ACTIVITY — Could you please output all of the data exactly, without the images?

DATA SEGMENT —
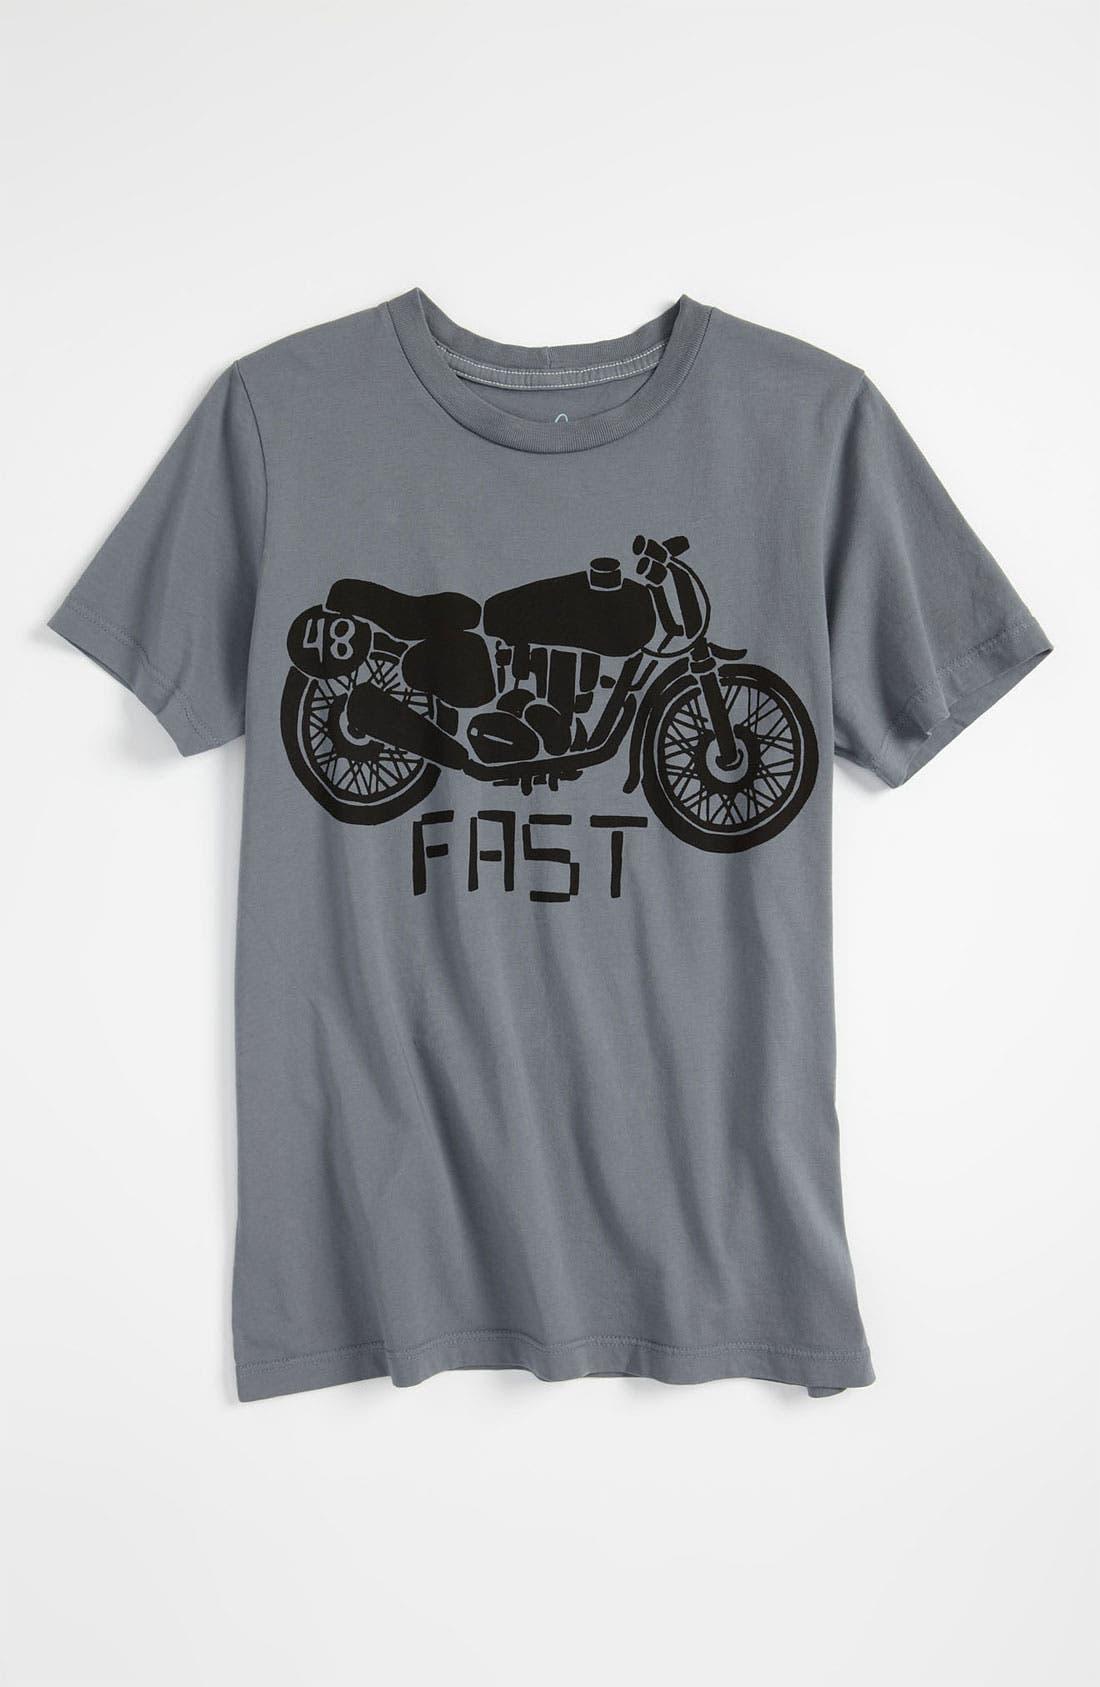 Alternate Image 1 Selected - Peek 'Motorcycle' T-Shirt (Toddler, Little Boys & Big Boys)
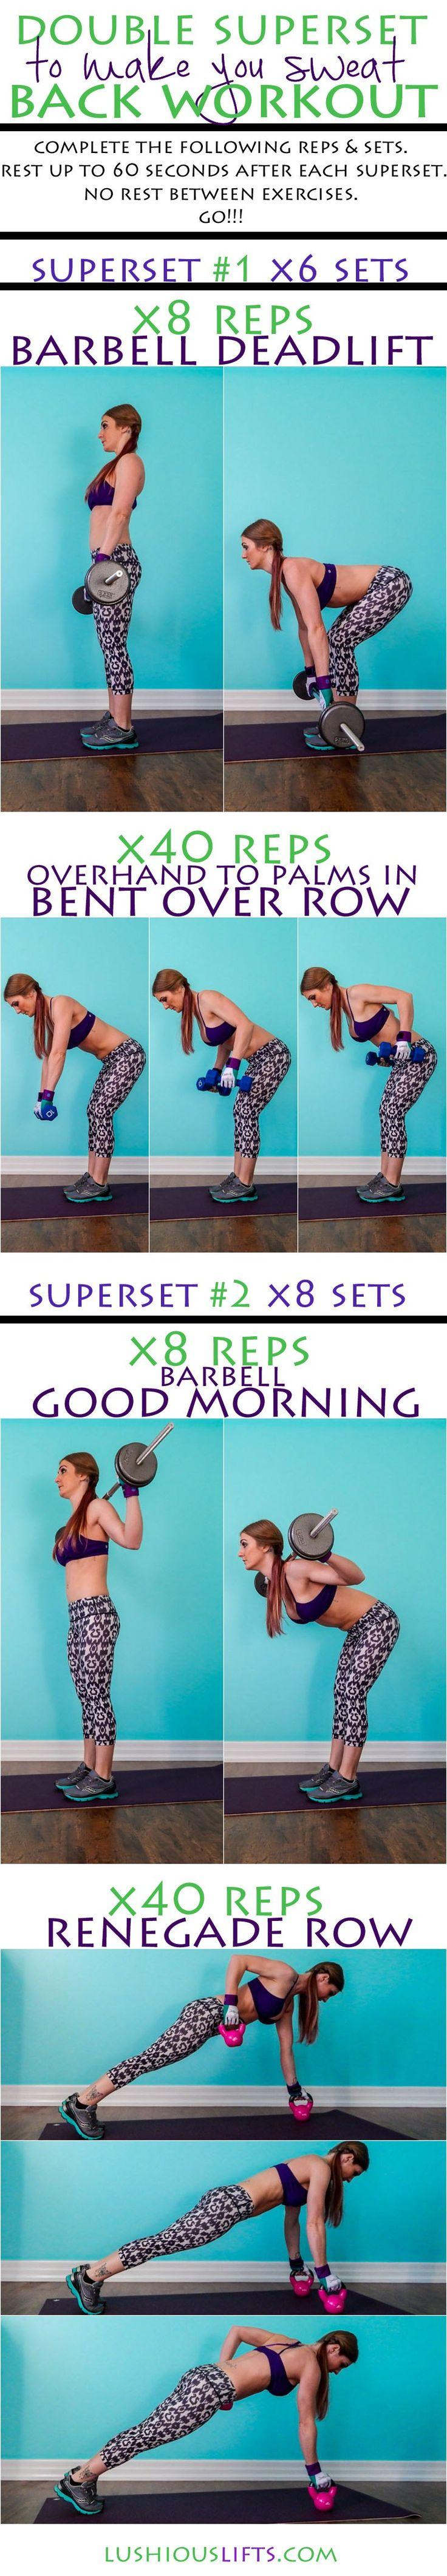 Double Superset {to make you sweat} Back Workout || lushiousLIFTS.com
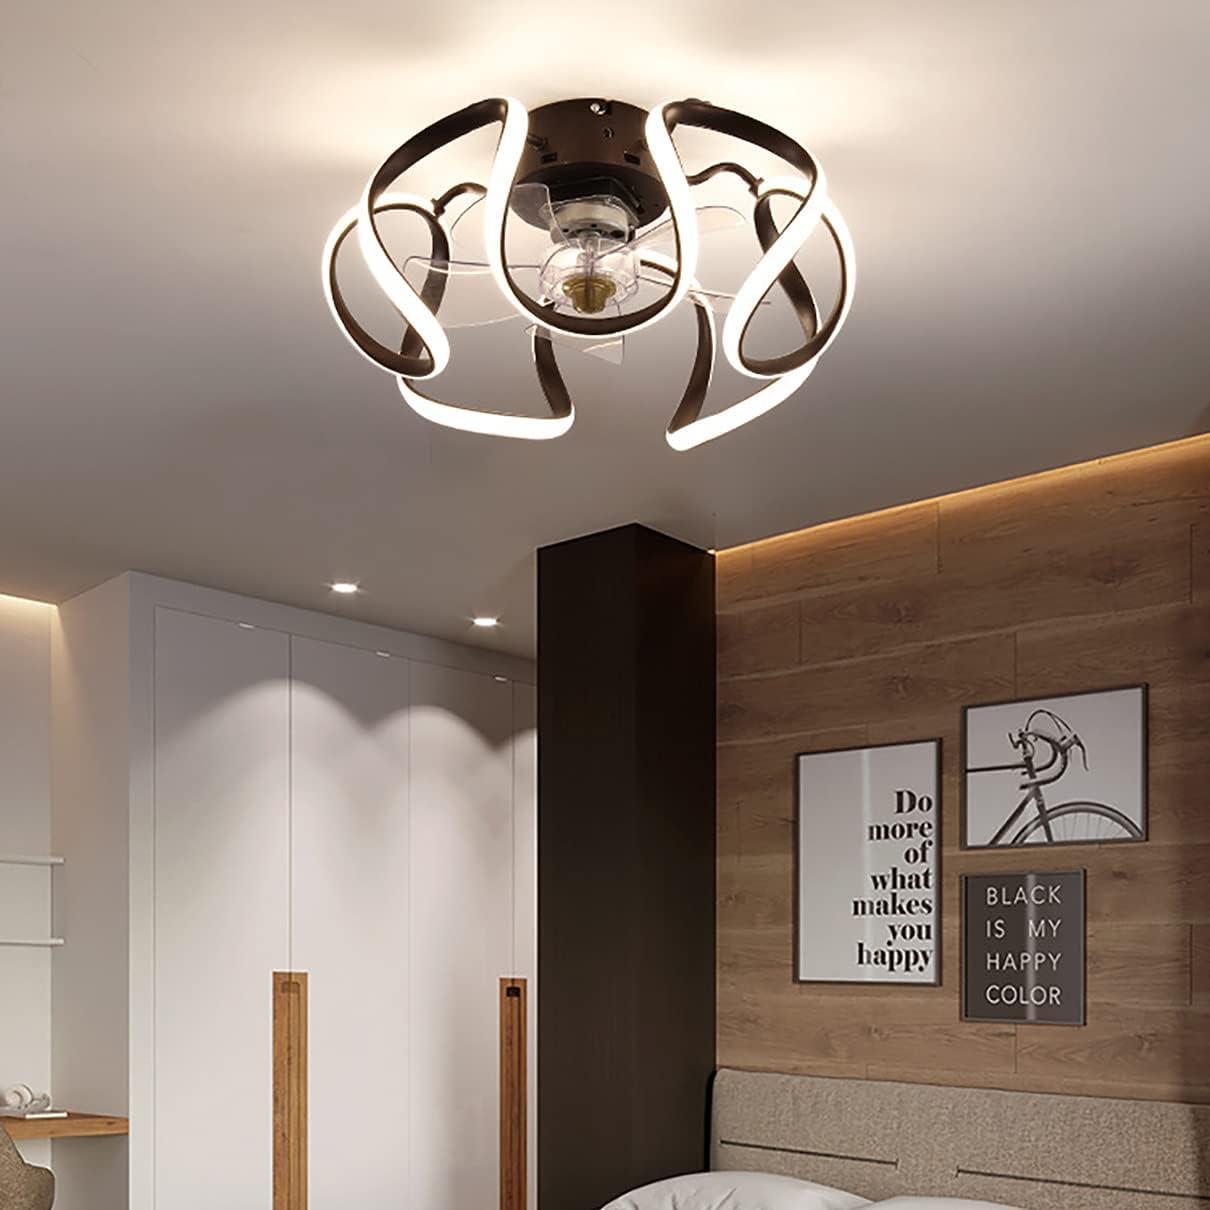 LED Ventilador Techo Con Luz Y Mando 3 Velocidades Dormitorio Regulable Lamparas Ventilador De Techo Con Temporizador Φ50cm Moderno Silencioso Ventilador Techo Con Luz 60W
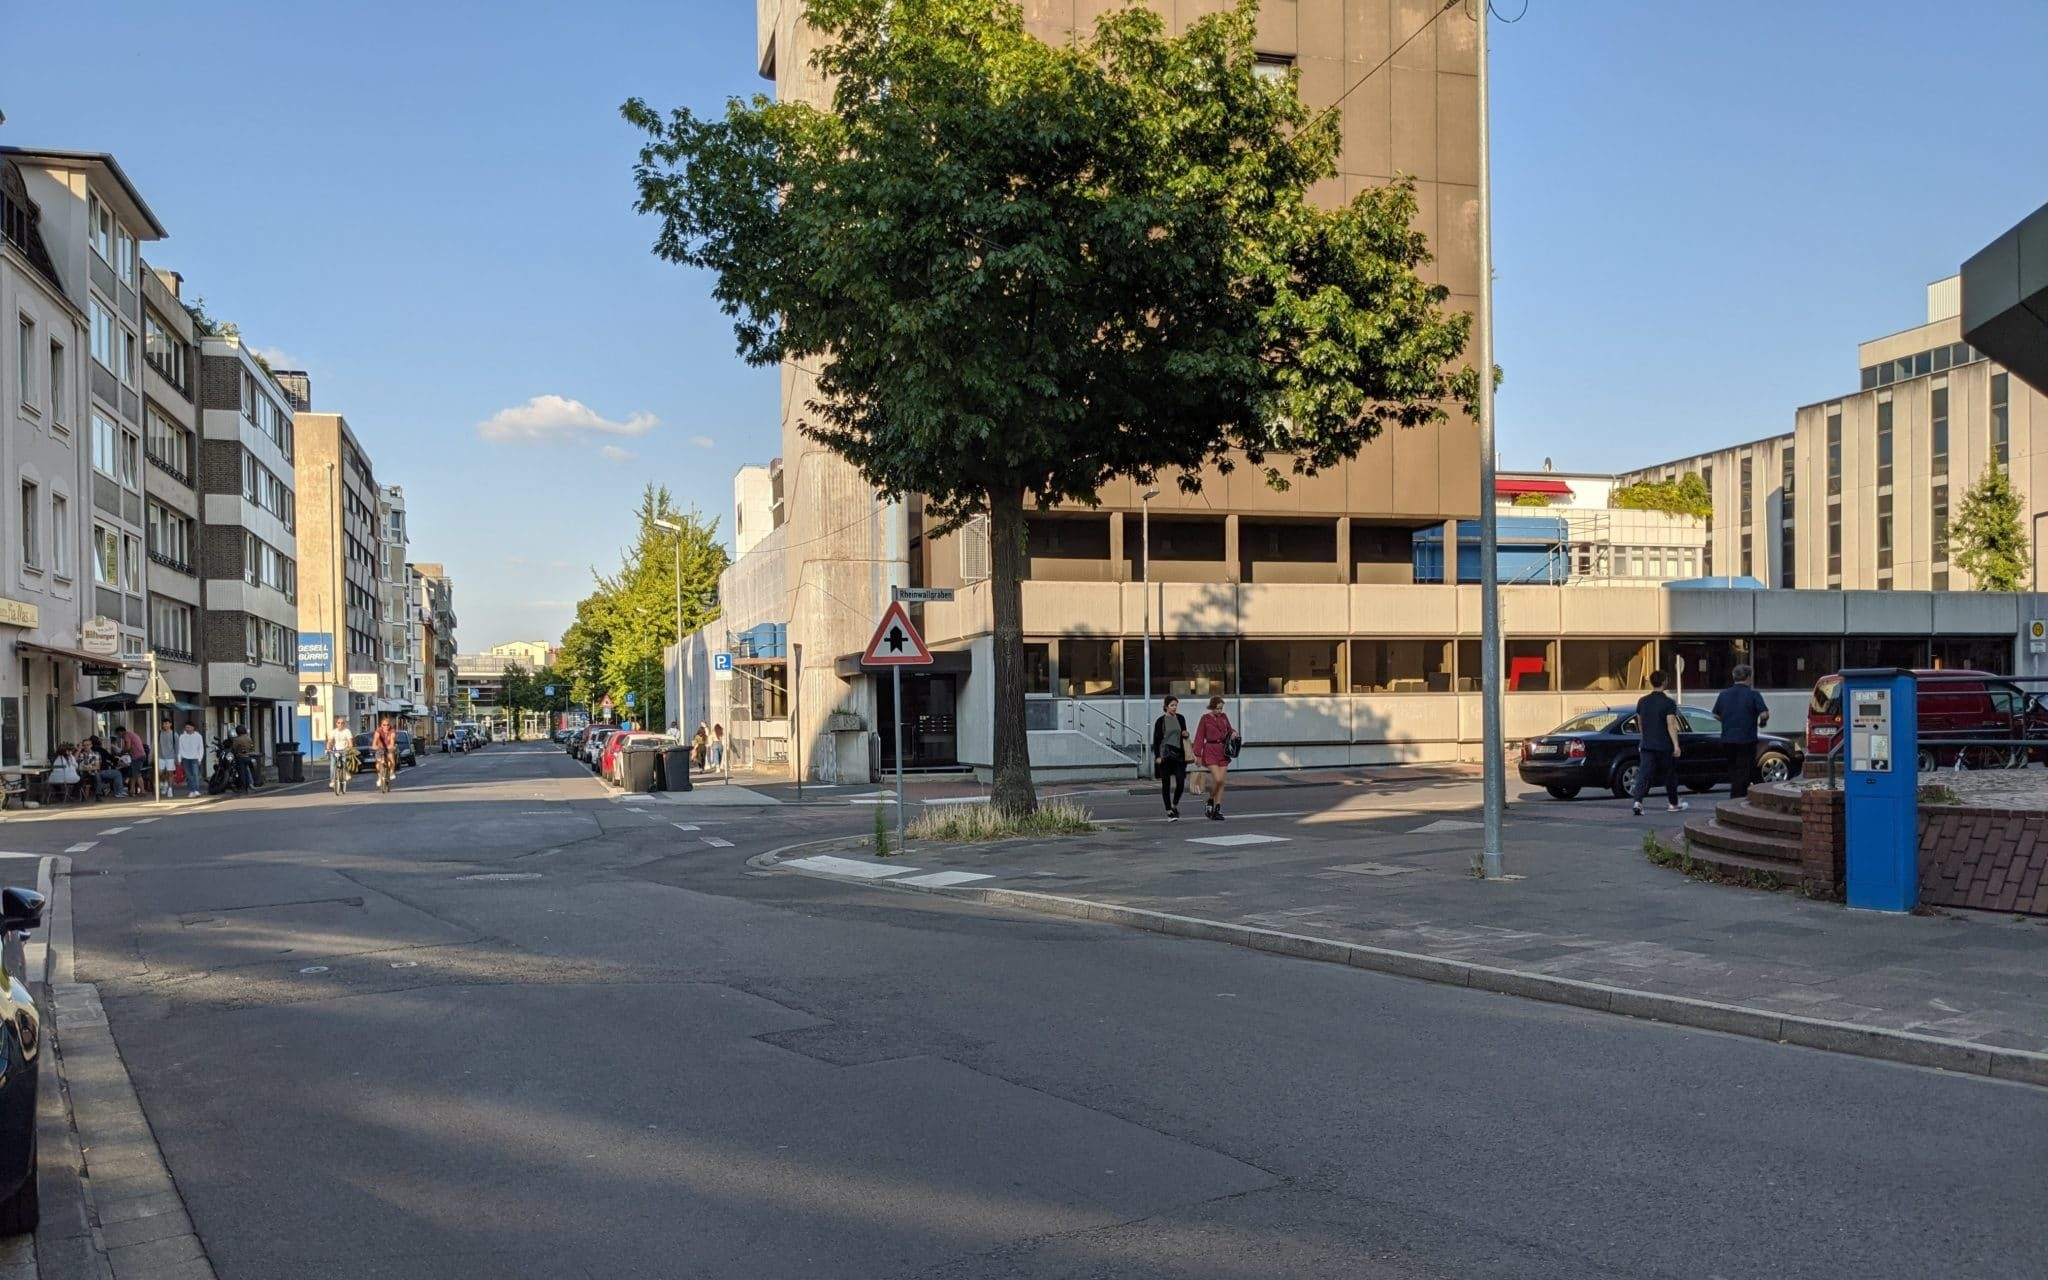 Verkehrsberuhigung in der Innenstadt

TASK ANSWER —
 Alternate Image 1 Selected - Peek 'Motorcycle' T-Shirt (Toddler, Little Boys & Big Boys)
 Double Superset {to make you sweat} Back Workout || lushiousLIFTS.com
 LED Ventilador Techo Con Luz Y Mando 3 Velocidades Dormitorio Regulable Lamparas Ventilador De Techo Con Temporizador Φ50cm Moderno Silencioso Ventilador Techo Con Luz 60W
 Verkehrsberuhigung in der Innenstadt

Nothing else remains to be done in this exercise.